To that end, as of 2017, the Center has incorporated project-based learning into the Traditional Arts initiative, which will help build the students’ leadership skills. Through the program, students will organize and run a summer youth folklore festival showcasing music and dance performed by fellow participants. Here the students can present and represent themselves as they would like to be seen in the context of the neighborhood, the city, and the world. As a significant corollary, part of the festival’s purpose is to be an intercultural education initiative, the Center hopes to support their students in sharing traditional Arabic culture with the broader community.

In addition to the Traditional Arts program, AAFSC runs an impressive participatory youth media program called I Need To Be Heard!, through which students write, direct, produce, and act in short films addressing issues they face as young Arab, Middle Eastern, Muslim, and South Asian immigrants in New York City. Kids as young as elementary school can join the program, which is run in partnership with The New School. In late 2016, elementary school-age participants filmed a mock debate between Hillary Clinton and Donald Trump. “It was actually really funny,” Saleh laughs. “They usually make really funny things because it’s a means for them to have control over how they talk about an issue like their families, or parents being strict, or sexism in schools. There have been lots of great videos about topics that are difficult even for adults to discuss, like Islamophobia.” The students use film to replicate incidents that they have experienced or witnessed, and although the vignettes are technically fictional, the situations that are close to the students’ daily lives and concerns. The films — strikingly mature, thoughtful, and, quite funny — are available to view on the Center’s website.

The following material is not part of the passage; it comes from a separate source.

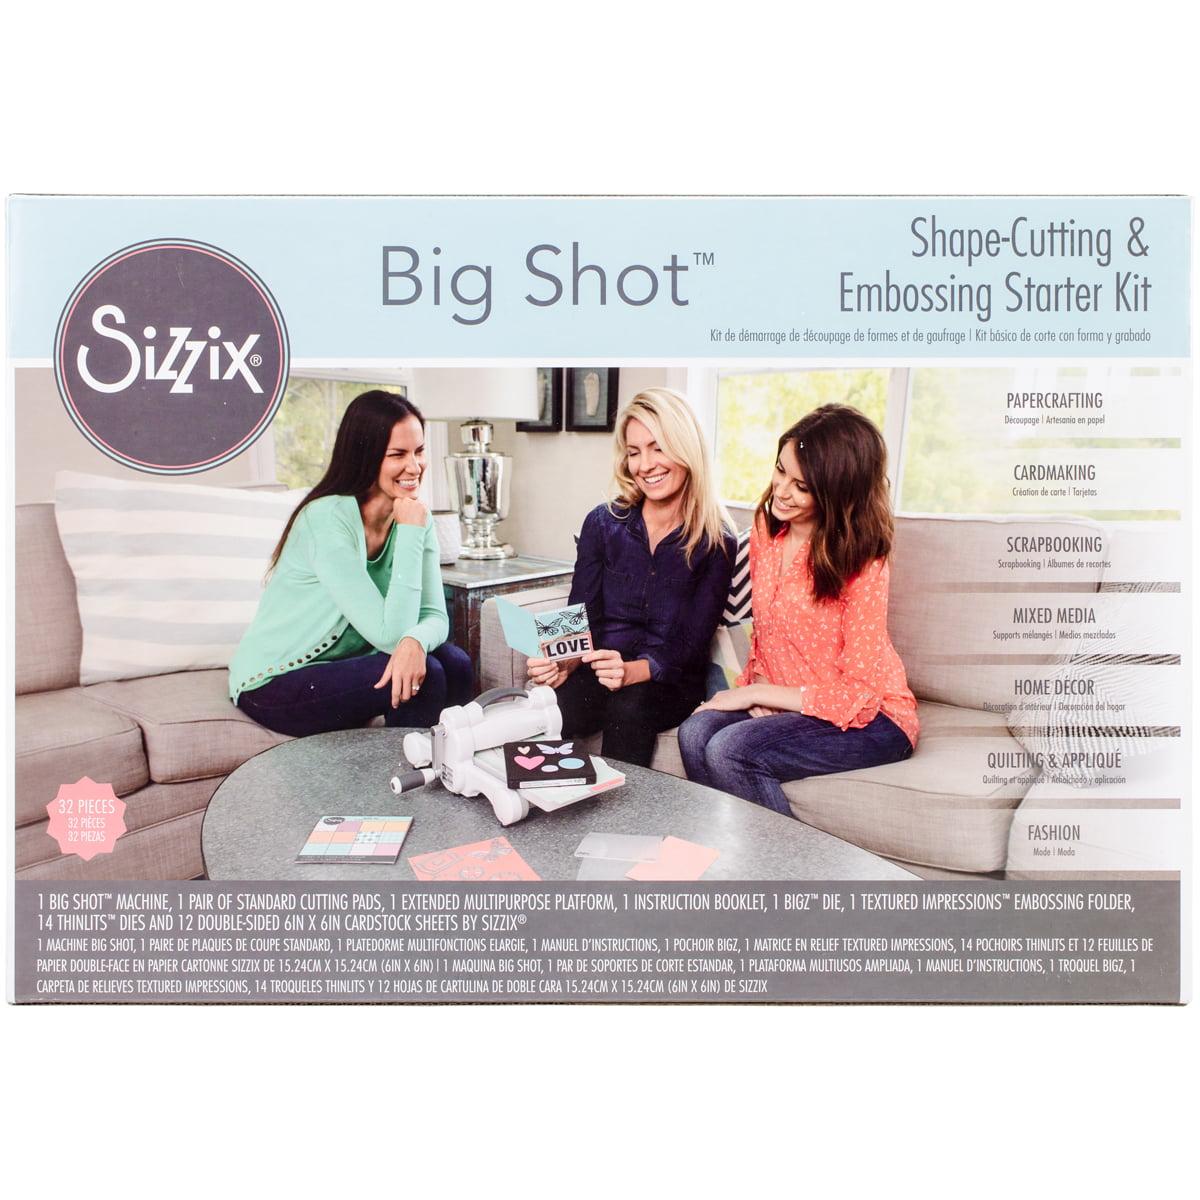 Sizzix Big Shot Starter Kit-White W/Gray

Although founded to assist New York’s Arab American communities, all of AAFSC’s services are free and open to anyone who needs them. “We have a very diverse fellowship in our adult education program,” Deputy Executive Director Qureshi said. “We’ve had West African students, Hispanic students, Chinese students. We have a Tibetan monk who comes in robes. So it’s a wonderful mix of cultures, and they build bridges and they learn about each other’s stories, and they build this community.”